# New Arrival



## dombox40 (Oct 20, 2008)

Hi all had this arrive today and well pleased nice clean watch but its off to the Hawk

for a service as its losing a few minutes a day. German made movement I beleive

but thats Pauls department.


----------



## watchnutz (Jan 18, 2008)

I agree, they have a nice clean look to them and their markers are out of the norm. You are correct in that they have a Junghans movement in them.

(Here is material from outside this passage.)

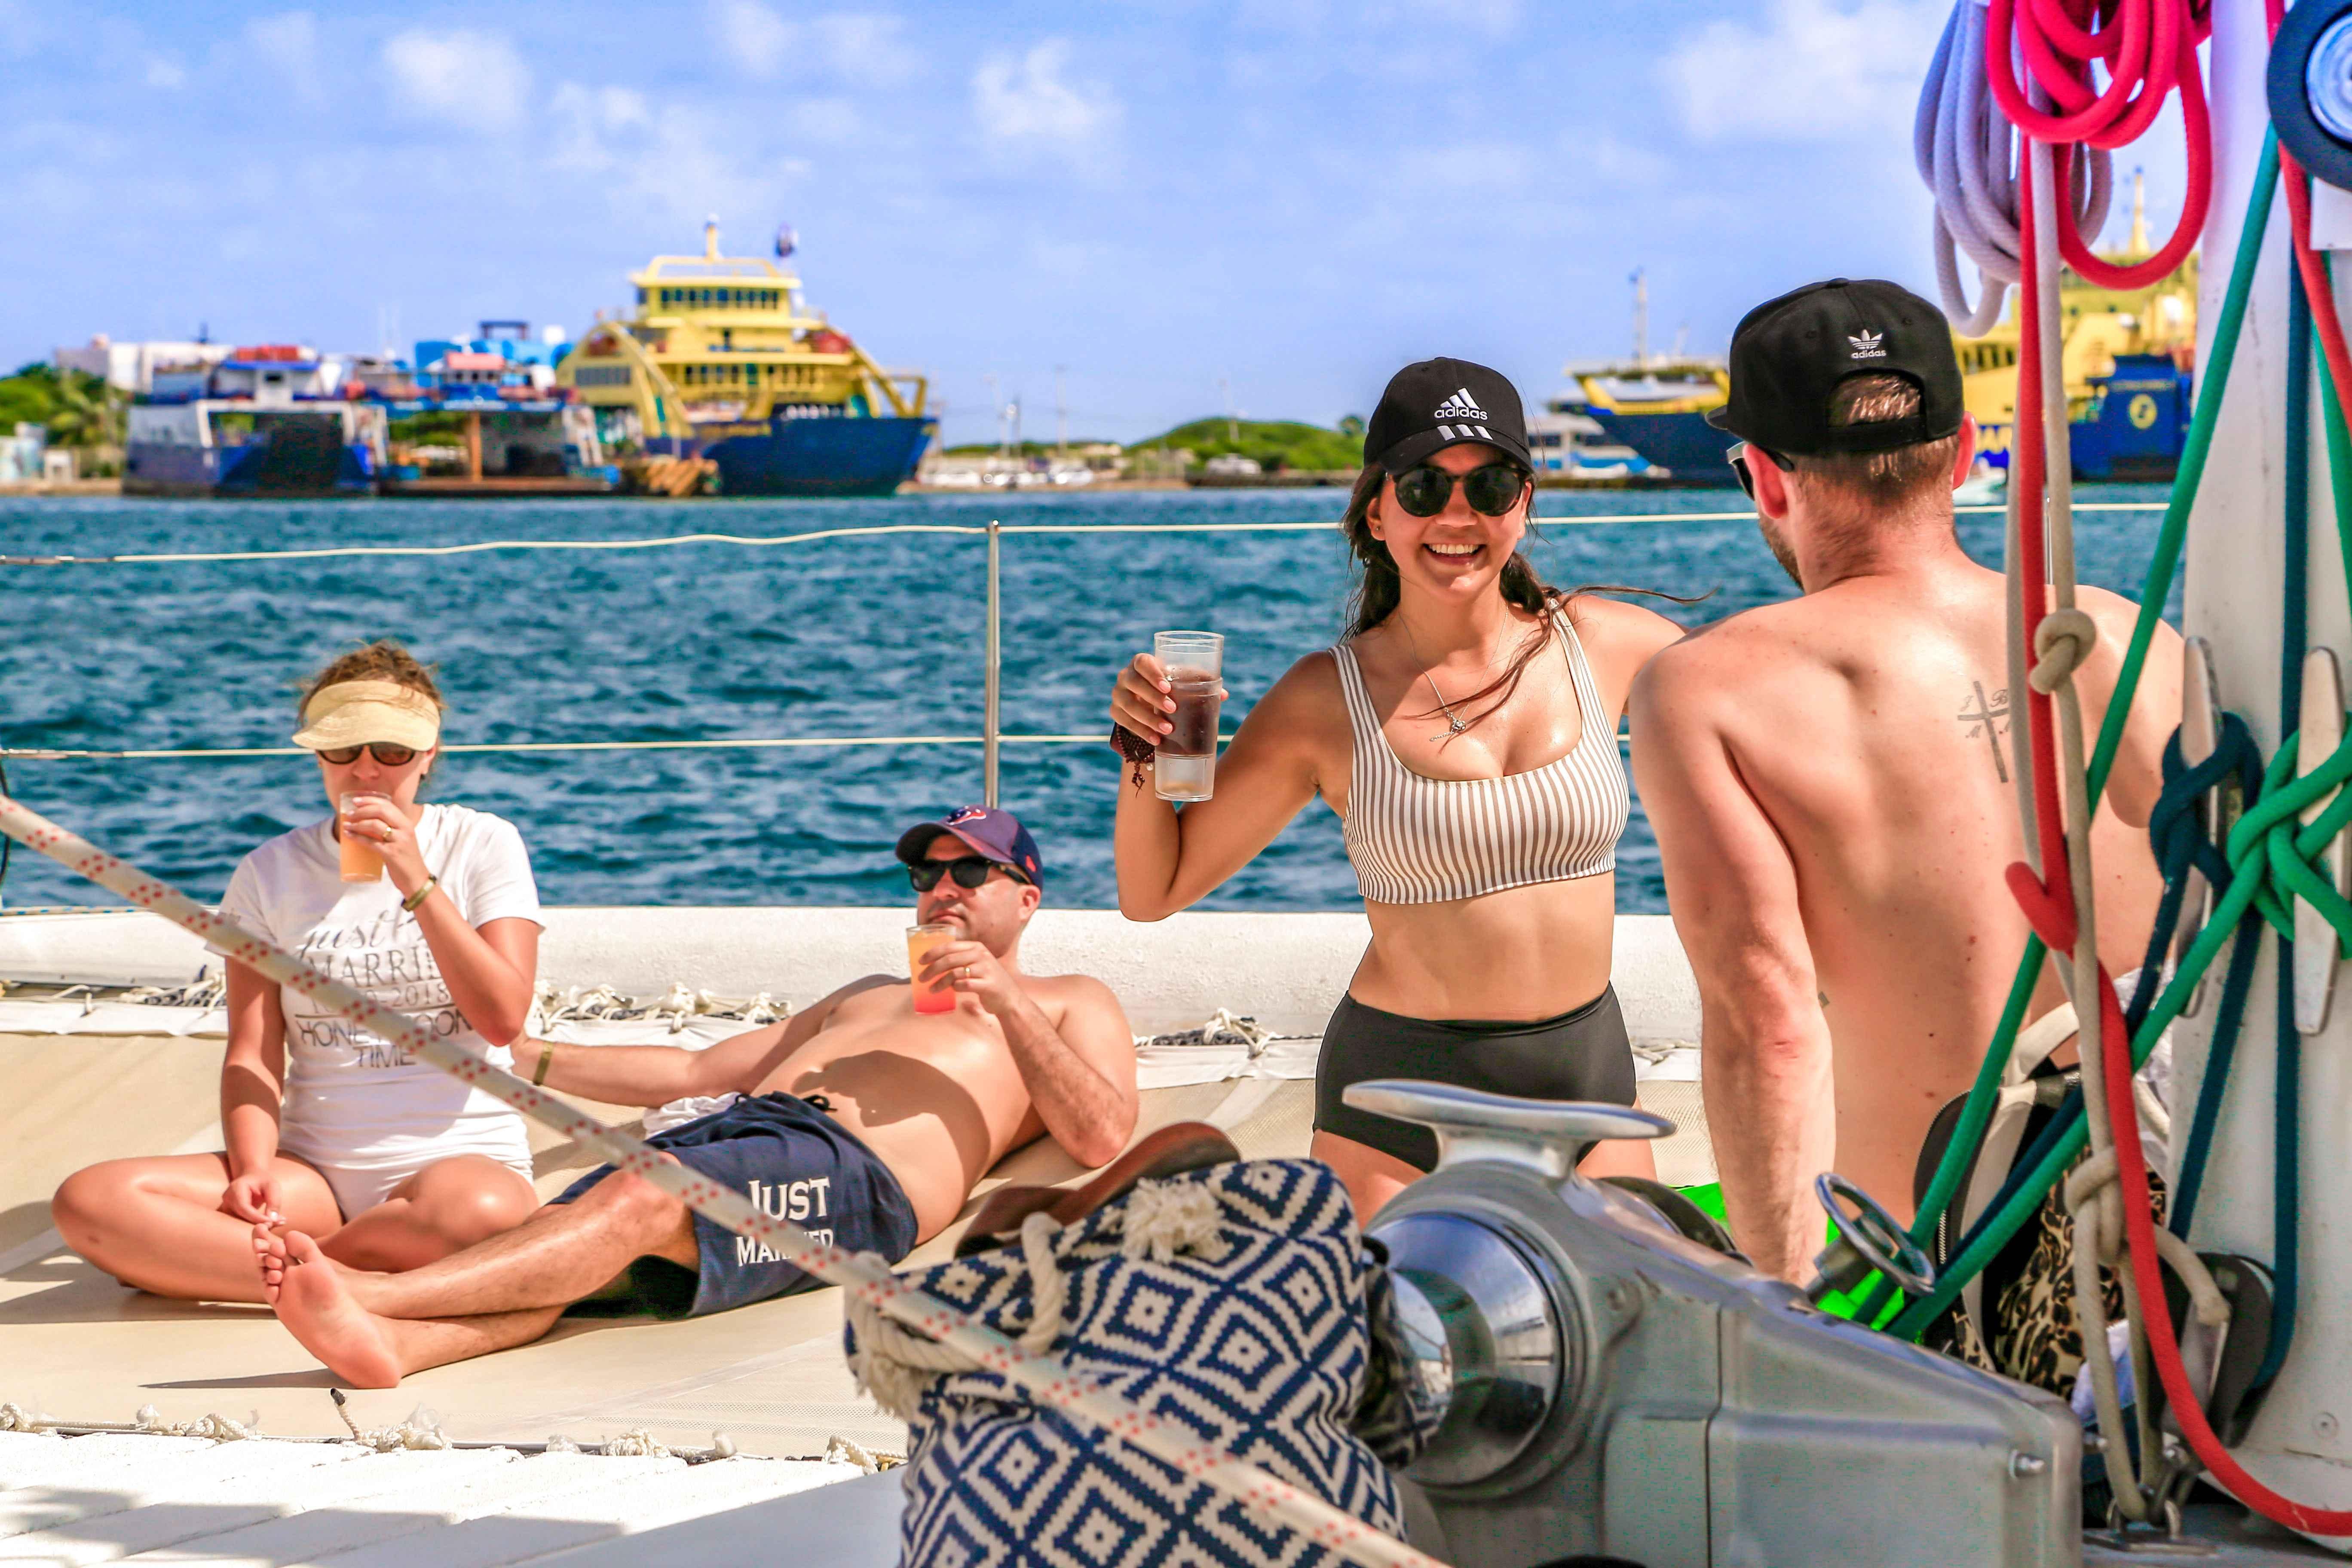 México Travel Solutions Isla Mujeres Catamaran Full Experience
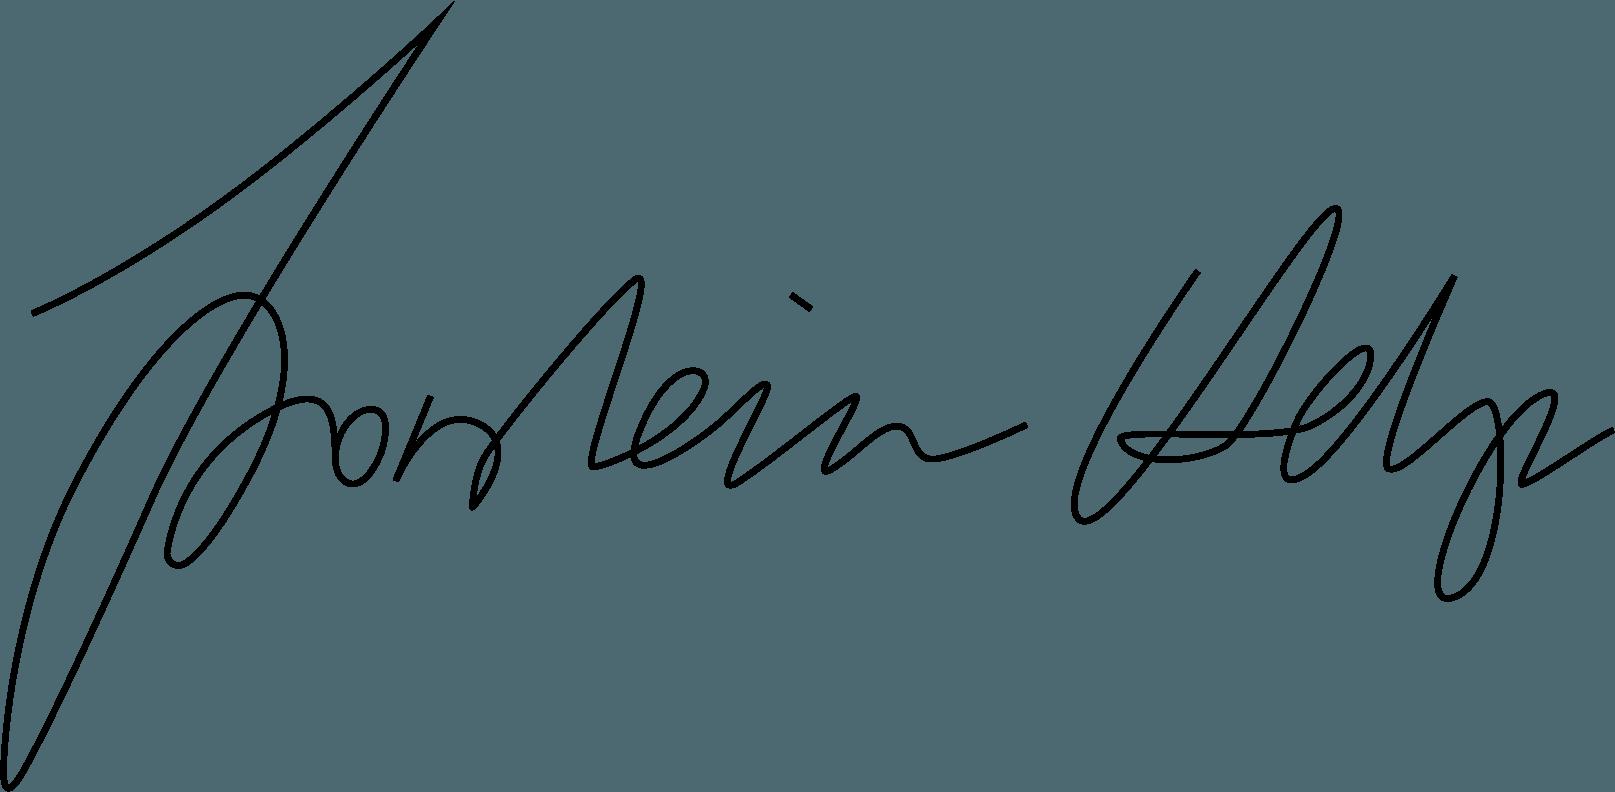 Þorsteinn Helgason

Enjoy it and I'm sure the Hawk will do his usual magic on it.

Here is mine.


----------



## mel (Dec 6, 2006)

Sooooh! it was you, was it? Your card is marked boyoh! Excuse me dear, I'm off out, where's the baseball bat again? :lol:

Enjoy, I had a punt on it if it is in fact the same one, but it went too high for me, budget is "low profile" at present = consolidate and fix what you've got that nees TLC!


----------



## Silver Hawk (Dec 2, 2003)

These appear with a few different names on the dial...here's my Wedgefield:


----------



## dombox40 (Oct 20, 2008)

mel said:


> Sooooh! it was you, was it? Your card is marked boyoh! Excuse me dear, I'm off out, where's the baseball bat again? :lol:
> 
> Enjoy, I had a punt on it if it is in fact the same one, but it went too high for me, budget is "low profile" at present = consolidate and fix what you've got that nees TLC!


Mel you bugger you cost me a fortune I,m retired as well you know :lol:


----------